A study published last month by two University of Chicago economists, analyzing fifth-grade test scores in the Chicago public schools before and after enactment of the law in 2002, found that performance rose consistently for all but the most and least advanced students.

"We don't find any evidence that the gifted kids are harmed," said Chicago economist Derek A. Neal. "But they are certainly right, the gifted advocates, if they claim there is no evidence that No Child Left Behind is helping the gifted."

Giftedness is a catchall term for children with abilities beyond their years. Students in the Washington region are generally screened in grade two, identified by grade three and competing for slots in specialized magnet programs by the upper elementary grades.

Local debate about gifted education centers on the concept of "differentiation," an education buzzword that describes how teachers, particularly in the elementary grades, are supposed to serve students of mixed abilities in a single classroom.

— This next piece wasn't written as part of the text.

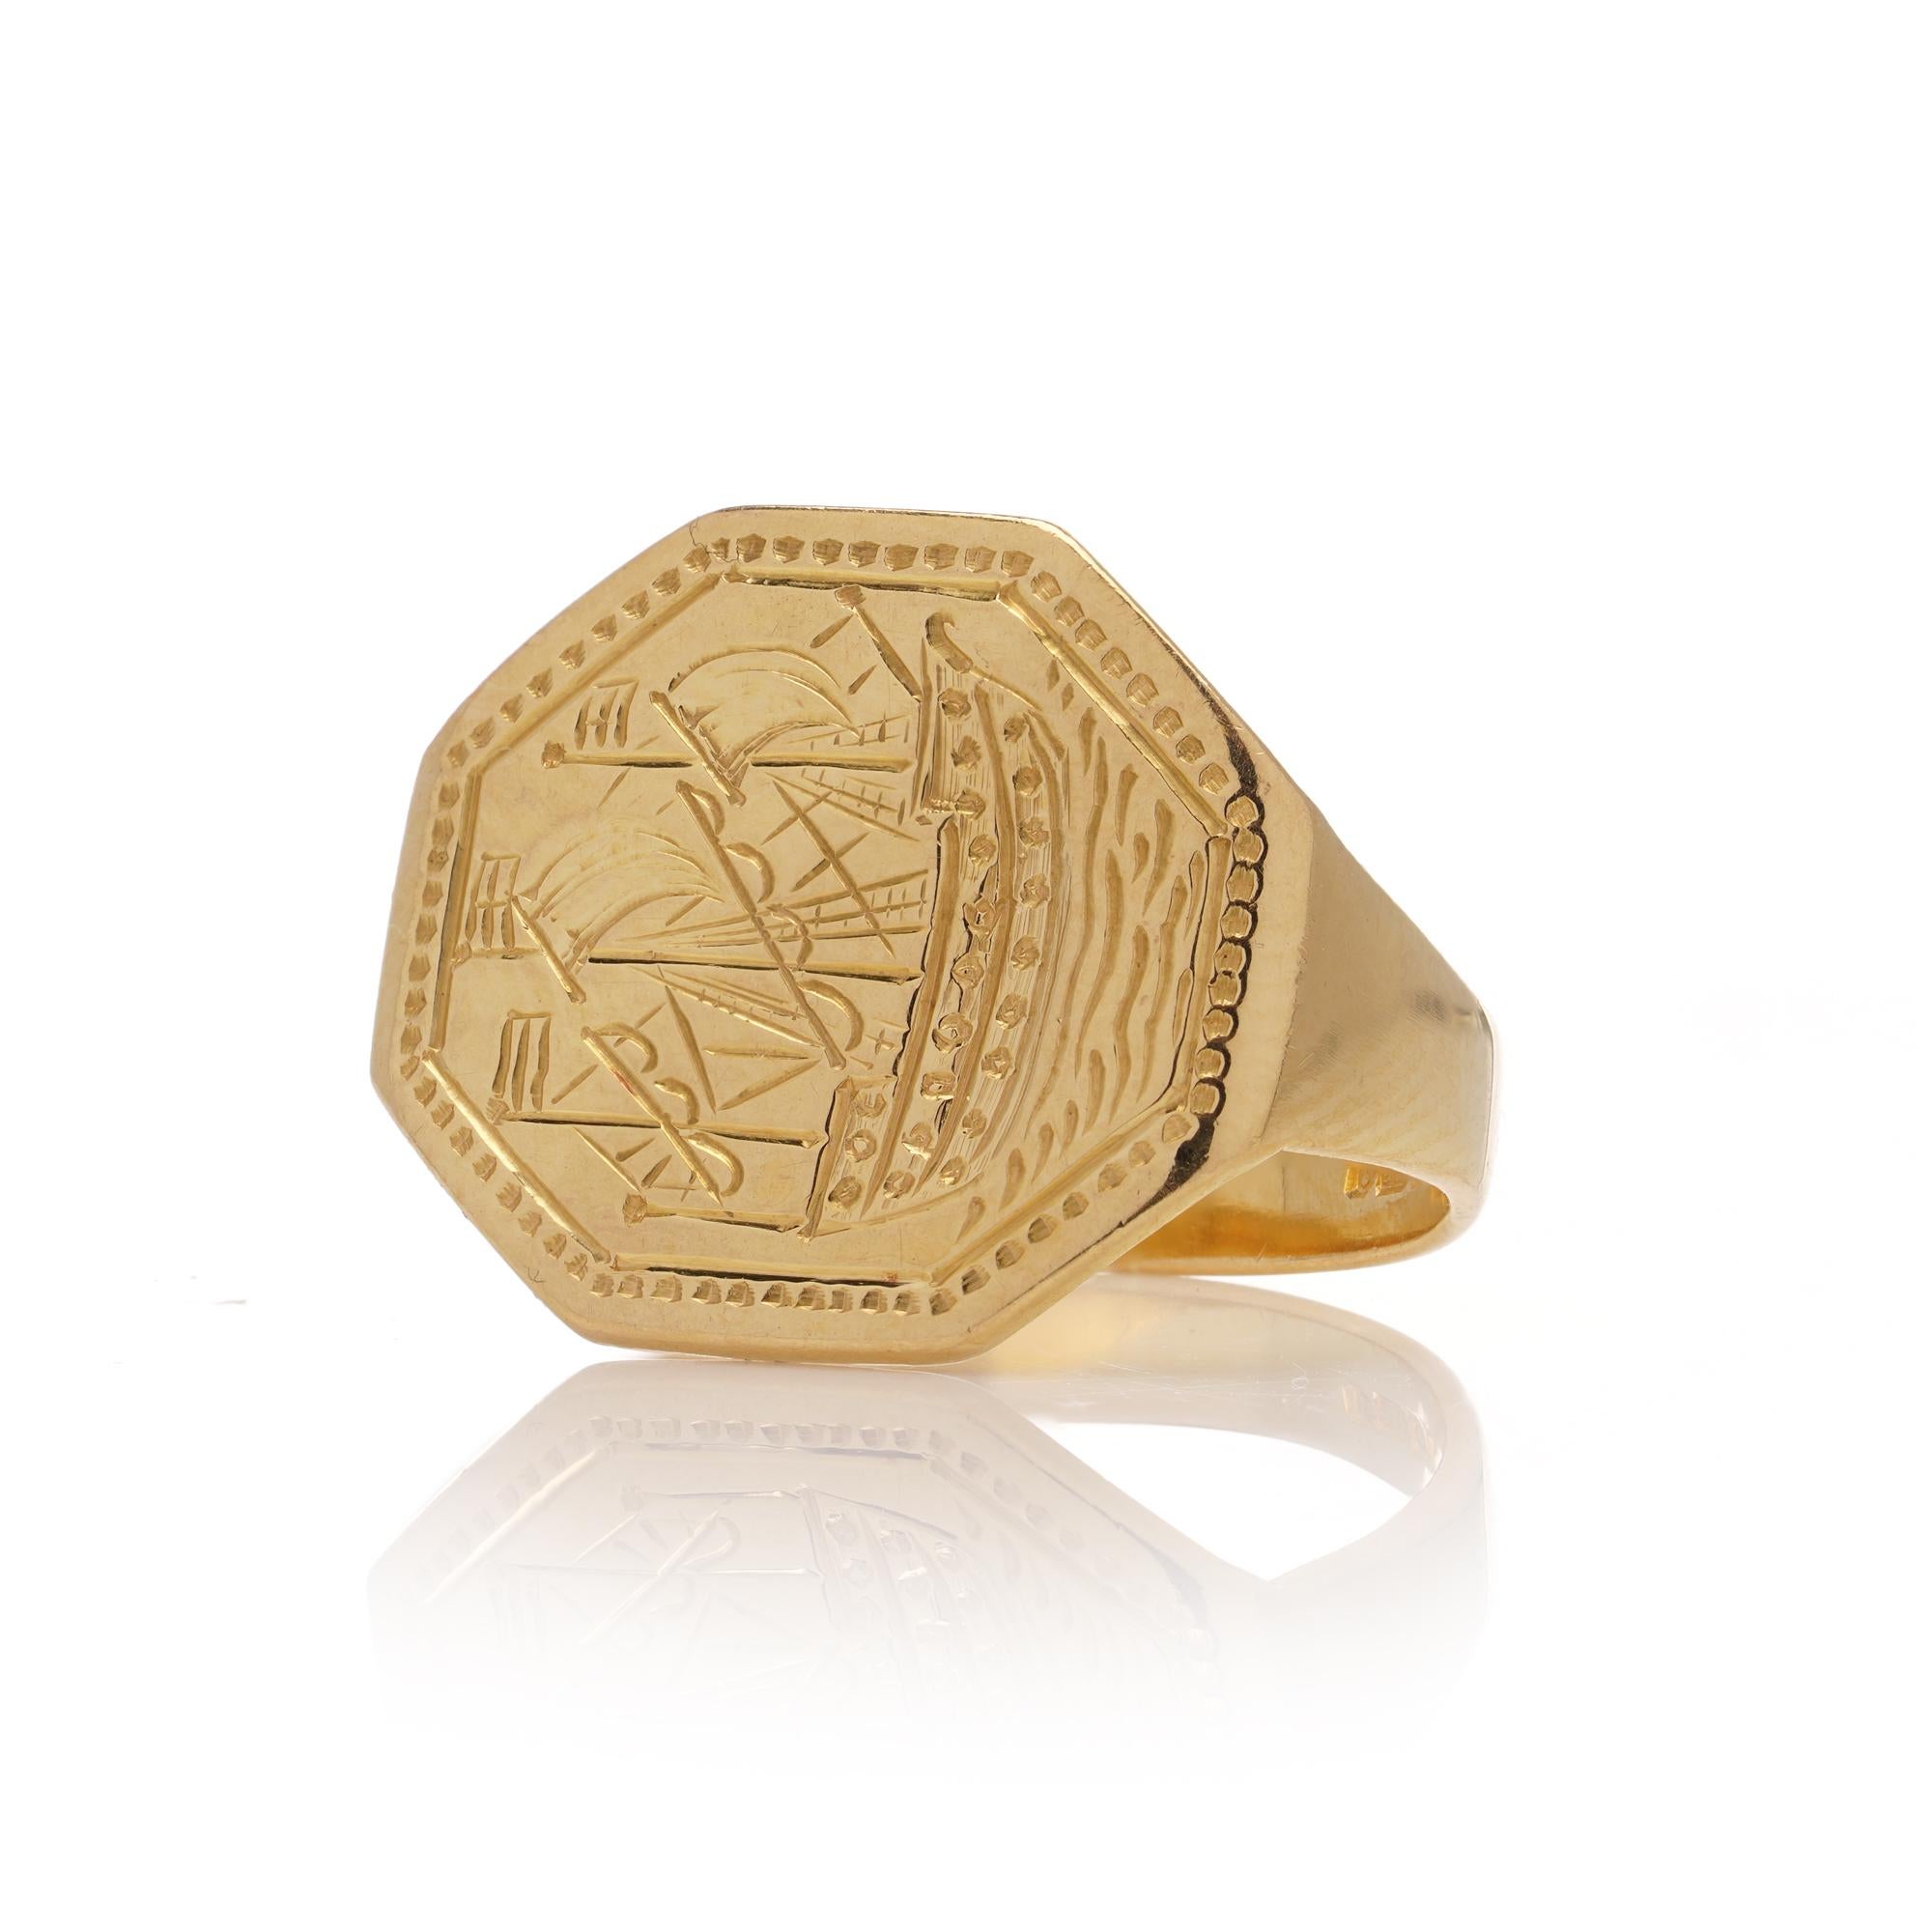 Vintage 22kt. yellow gold signet ring featuring the man-of-war ship In Good Condition For Sale In Braintree, GB
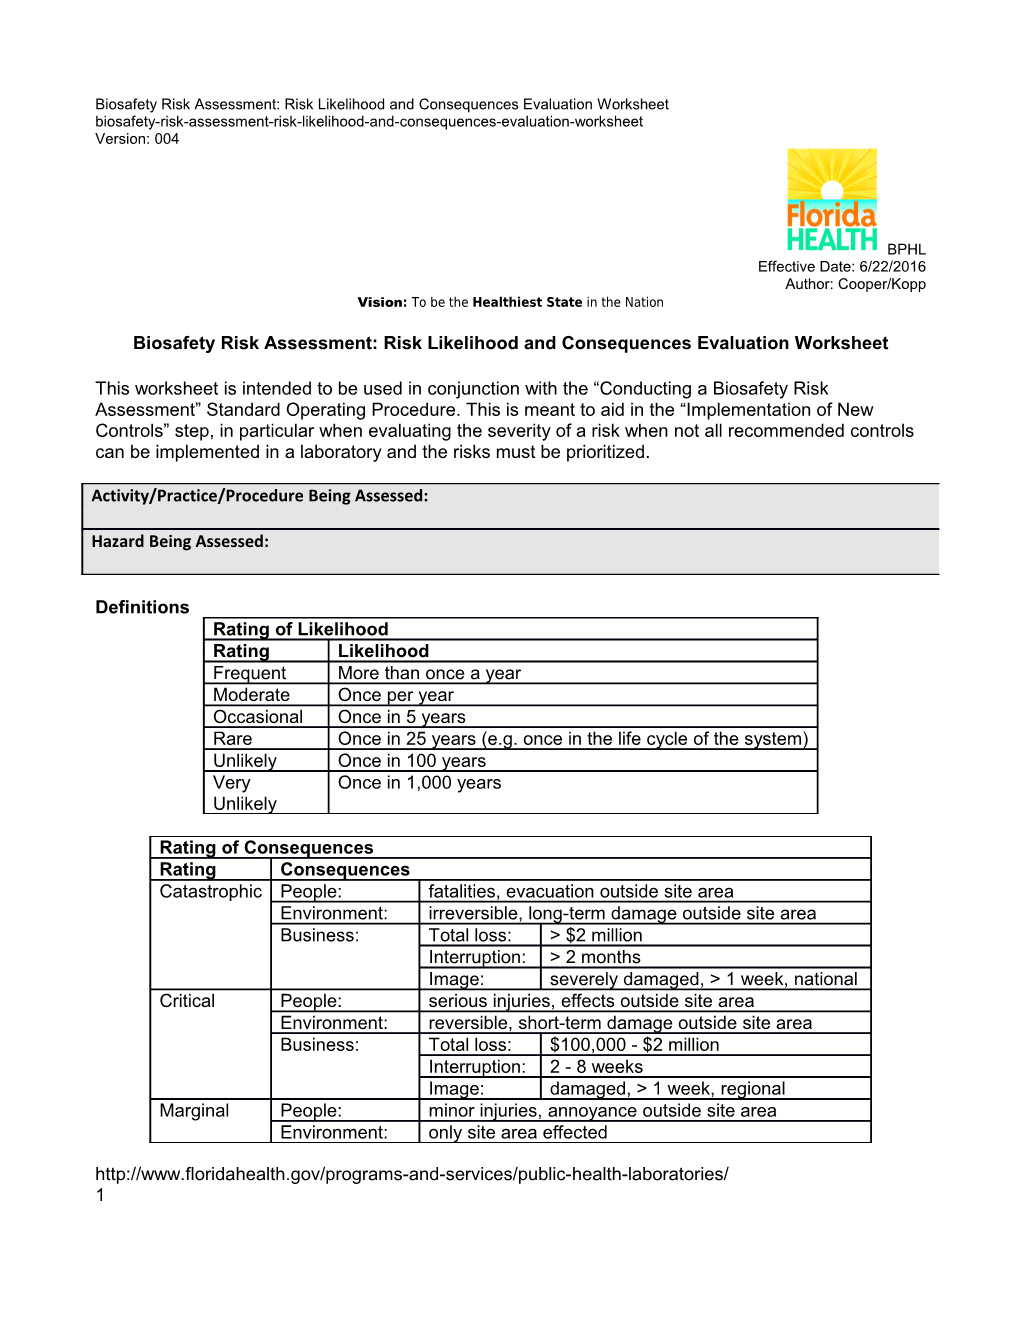 Biosafety Risk Assessment: Risk Likelihood and Consequences Evaluation Worksheet

In recent years, school systems have gradually embraced the notion that all students, including the gifted, should study in regular classrooms. Alternatives, such as putting gifted children in separate classrooms or schools, or pulling them from regular classes for bursts of enrichment, are widely rejected as undemocratic.

"Gifted education is not something that should be done by another teacher down the hall; it should be done by every teacher in every classroom," said Marty Creel, who oversees gifted education -- and works with a particularly vocal community of parent advocates -- in Montgomery County.

Regional education leaders point to the success of their school systems as a whole, and to the region's superior Advanced Placement programs, as evidence that all children are learning and that gifted education and No Child Left Behind can coexist. Test scores are up. Expansive, well-funded gifted programs in Montgomery and Fairfax enjoy national reputations. Complaints, they say, come from a disaffected few.

"The truth is that we're showing a lot of success with the method that we're using," Creel said.